_To do:_ Go through the data and copy every line exactly, but not the images.

++++ Raw data ++++

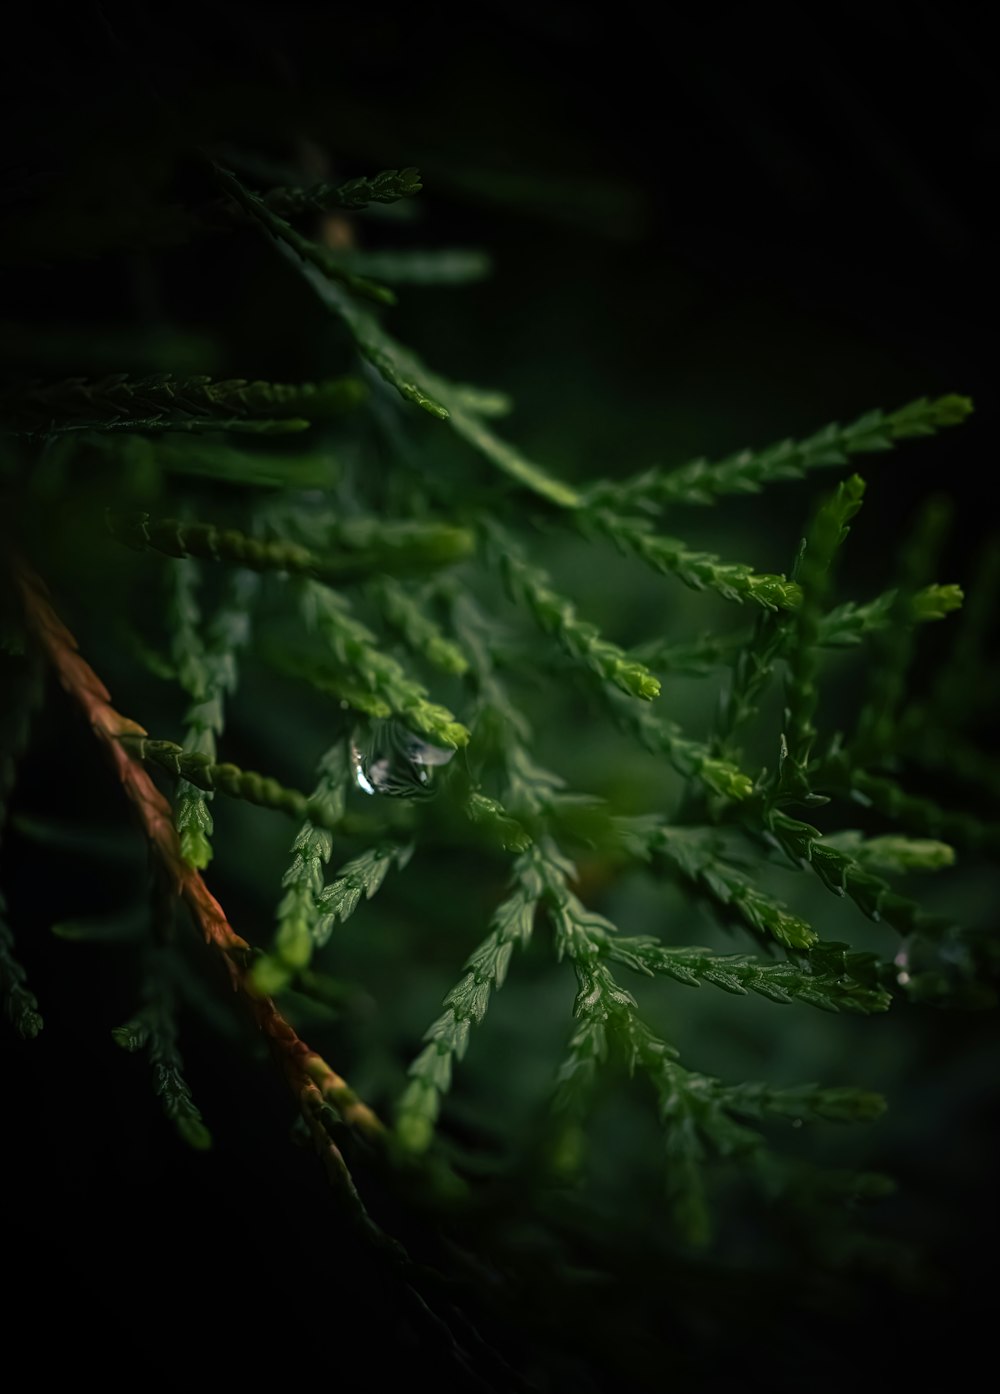 a close up of a tree branch with drops of water on it
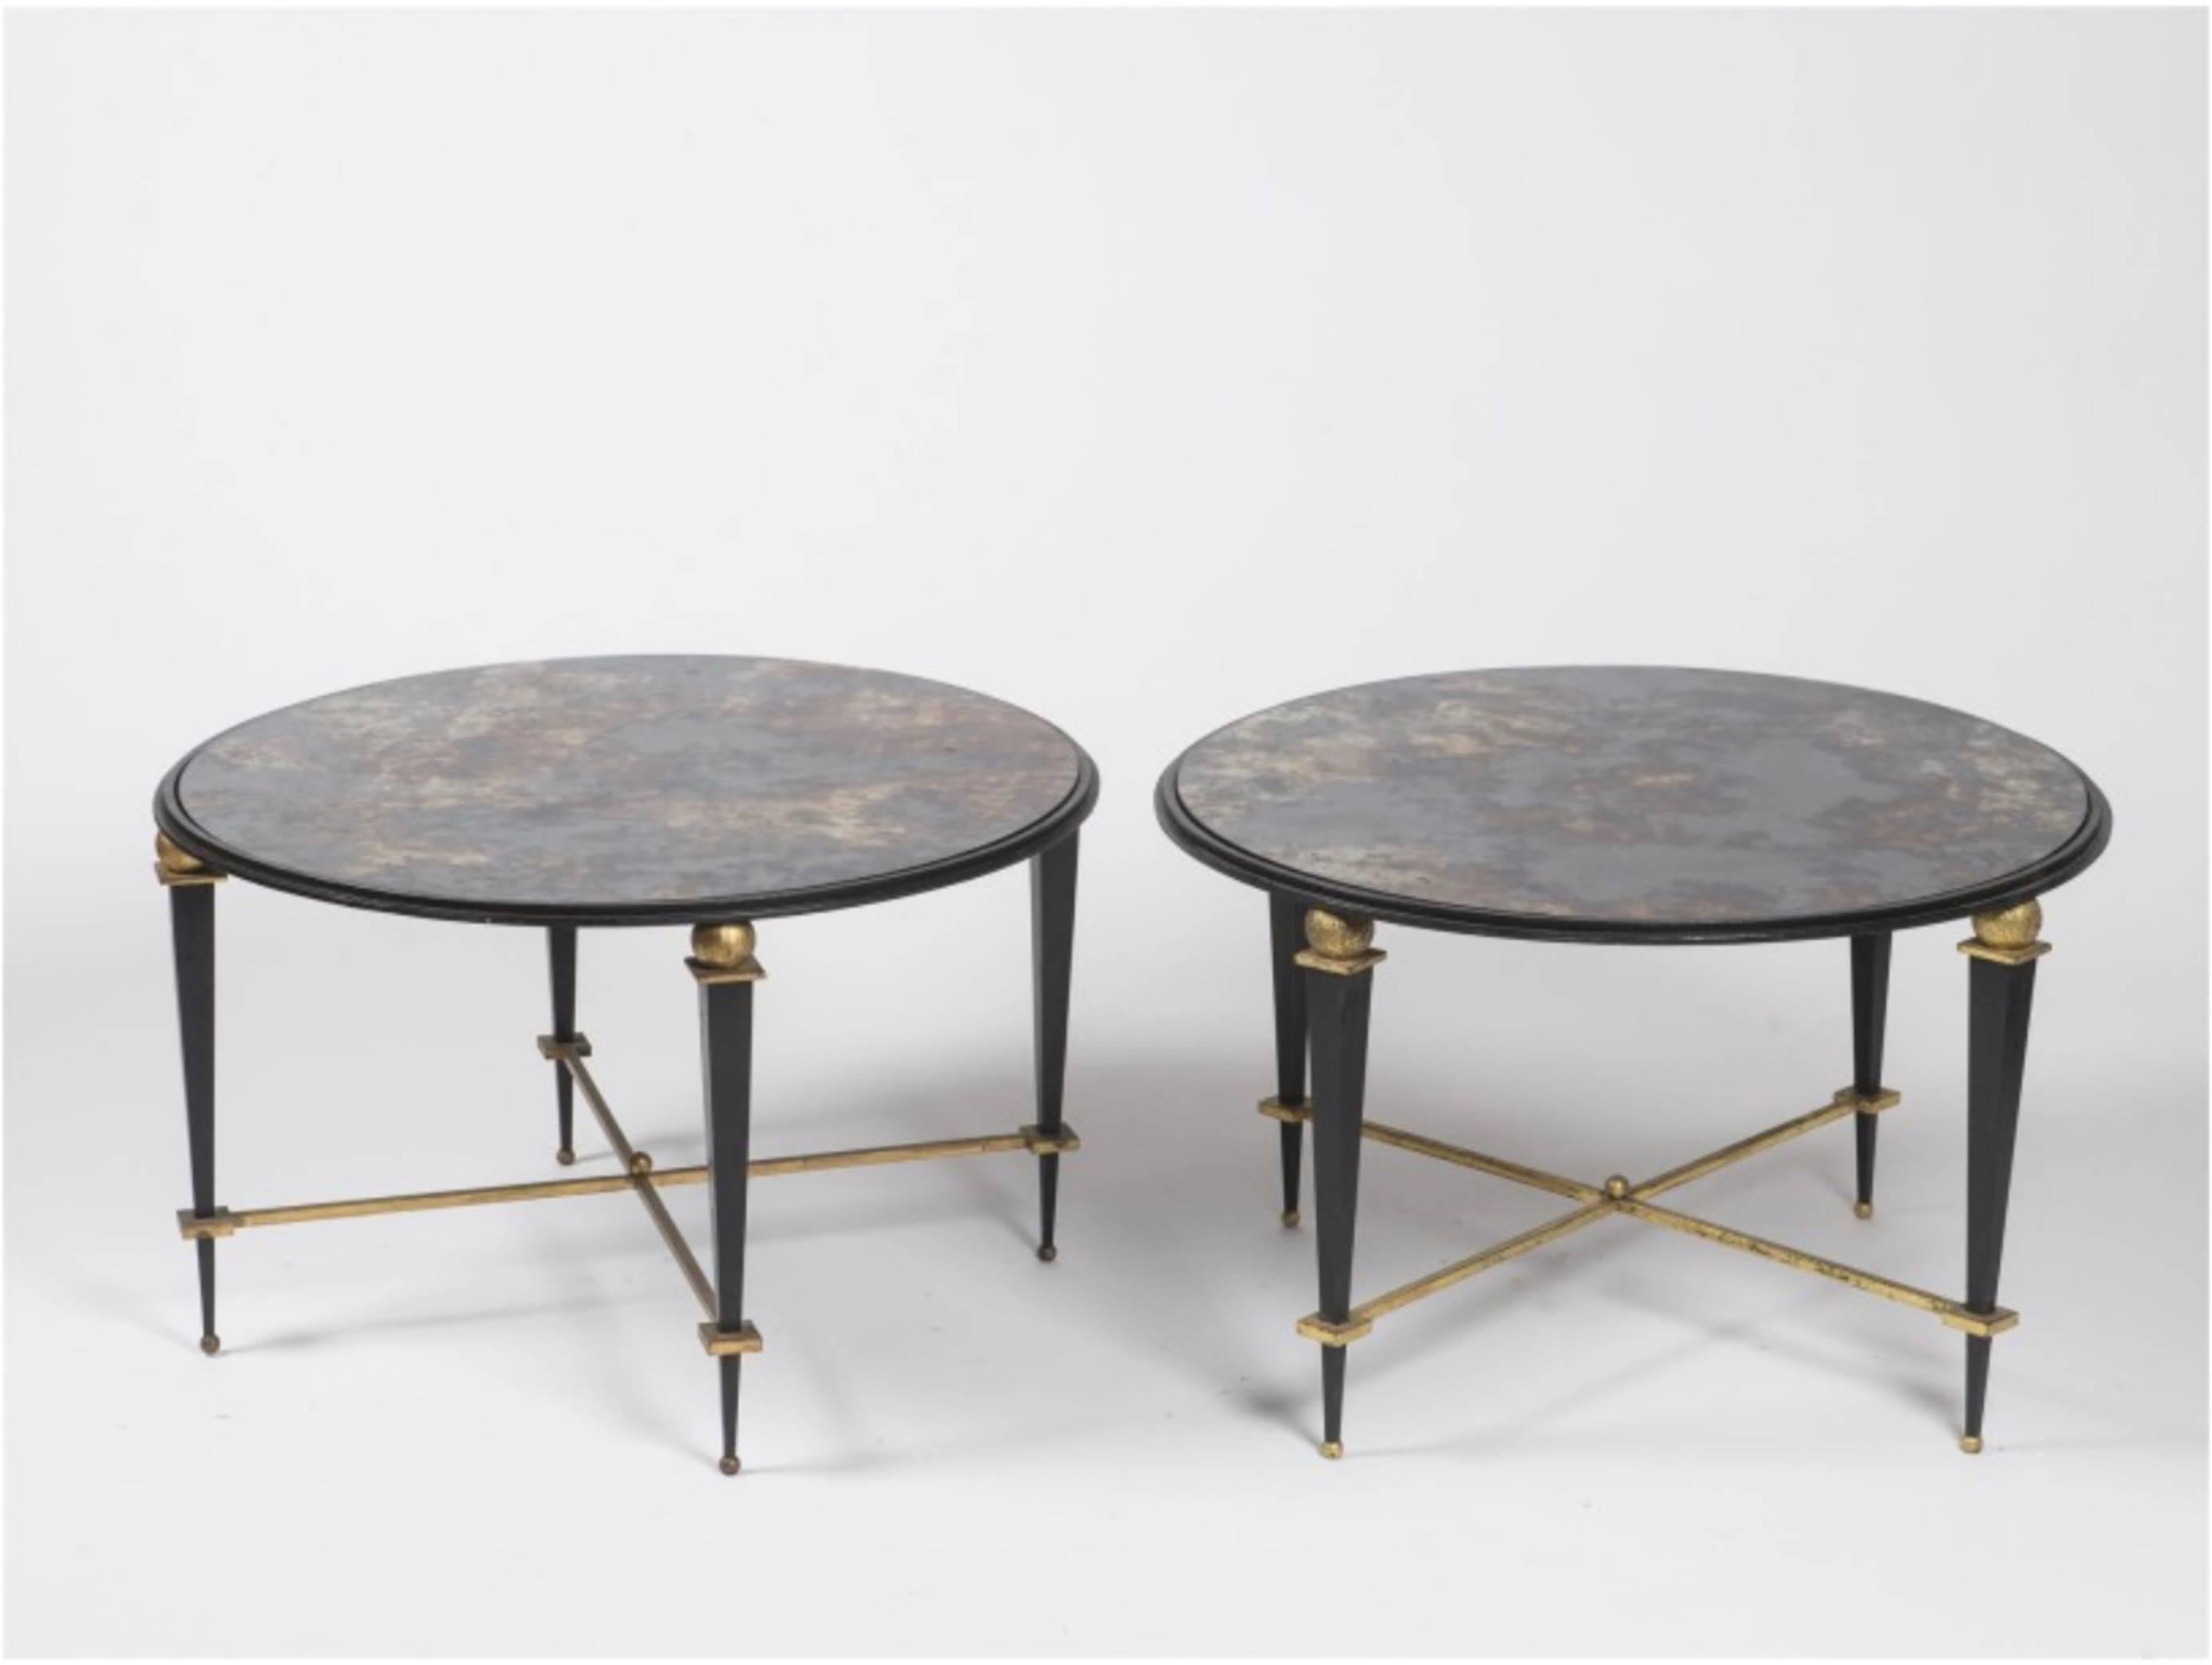 Pedestal table by Jules Leleu, circa 1940.
Wrought iron frame, partly gold leaf gilding, circular top called Turquin, in speckled red glass. Tripod legs united by an "X" spacer, decorated with a ball in its central part.
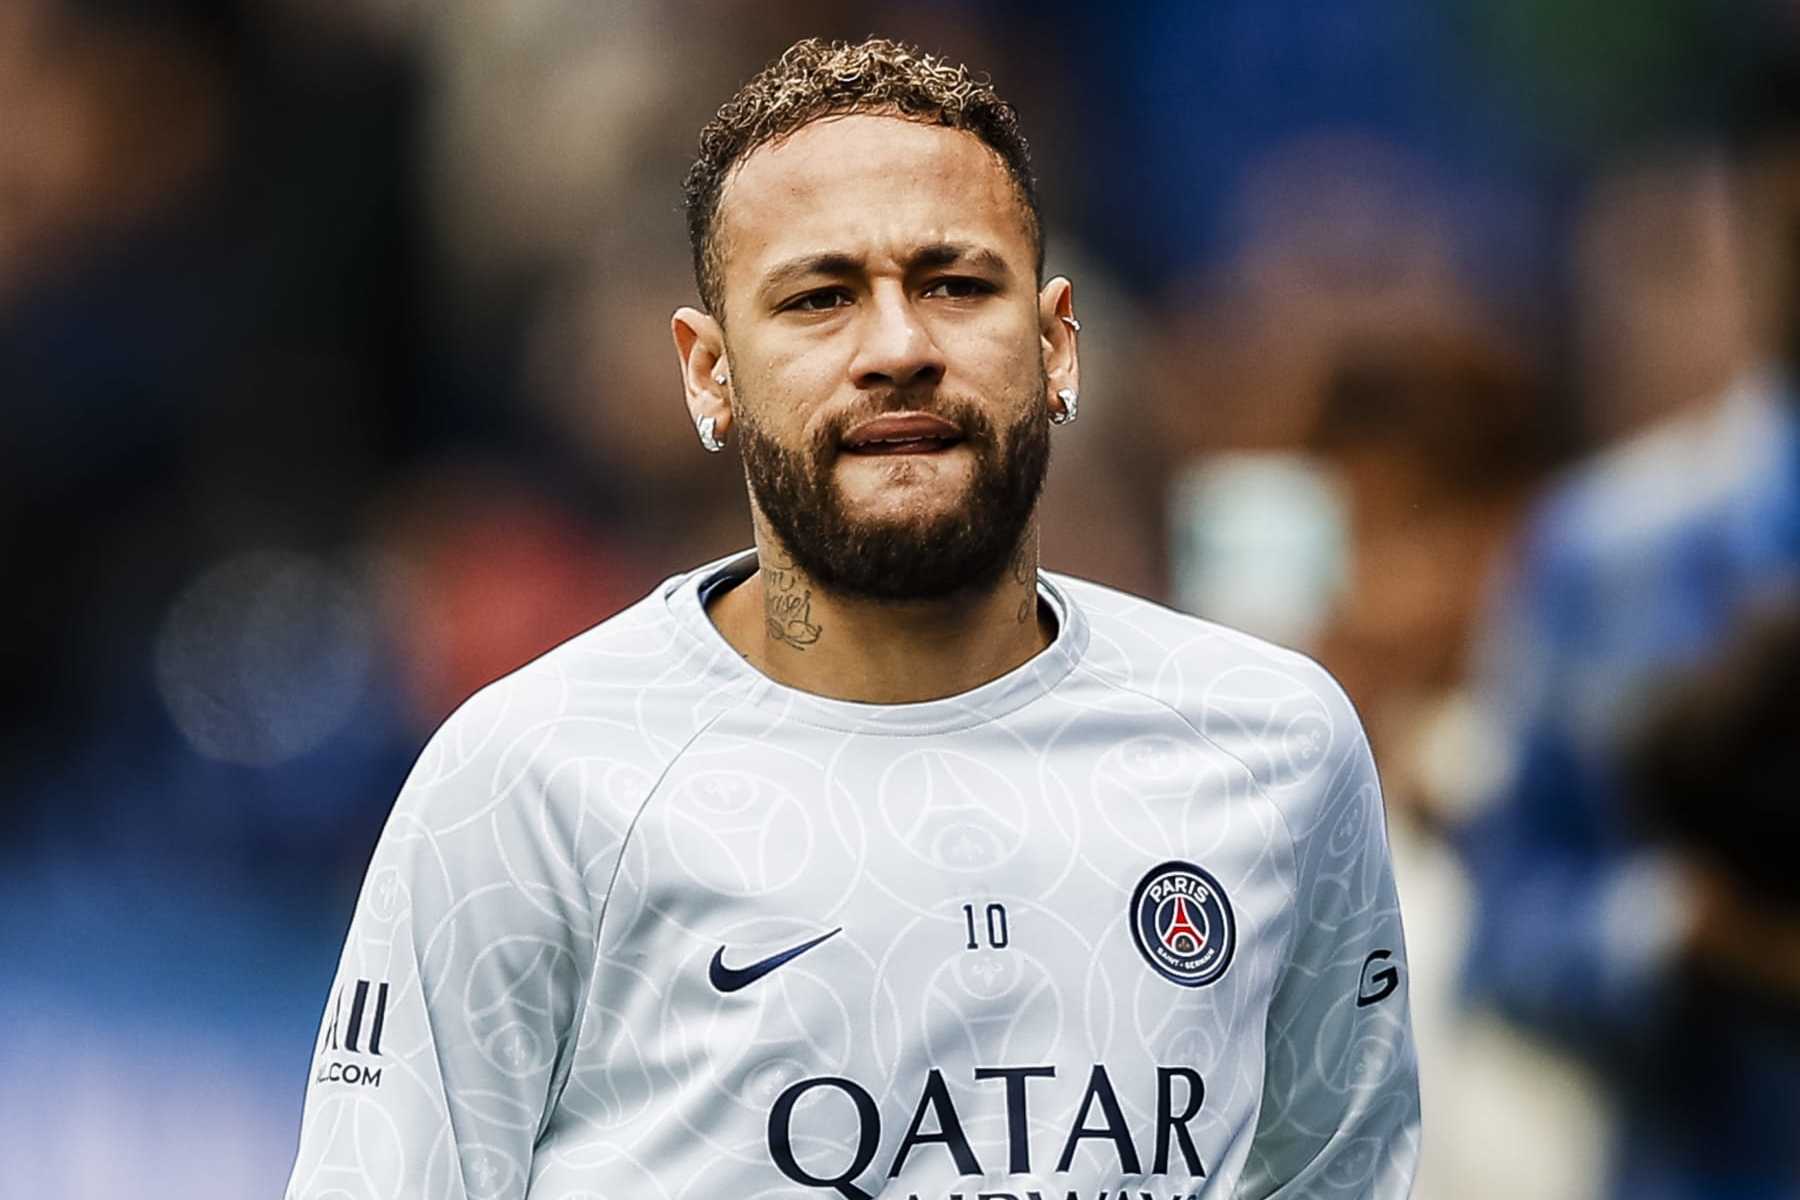 Neymar fined over 3m dollars for building artificial lake without  permission

++++

_Solution for this exercise:_
 a close up of a tree branch with drops of water on it
 Pedestal table by Jules Leleu, circa 1940.
Wrought iron frame, partly gold leaf gilding, circular top called Turquin, in speckled red glass. Tripod legs united by an "X" spacer, decorated with a ball in its central part.
 Neymar fined over 3m dollars for building artificial lake without  permission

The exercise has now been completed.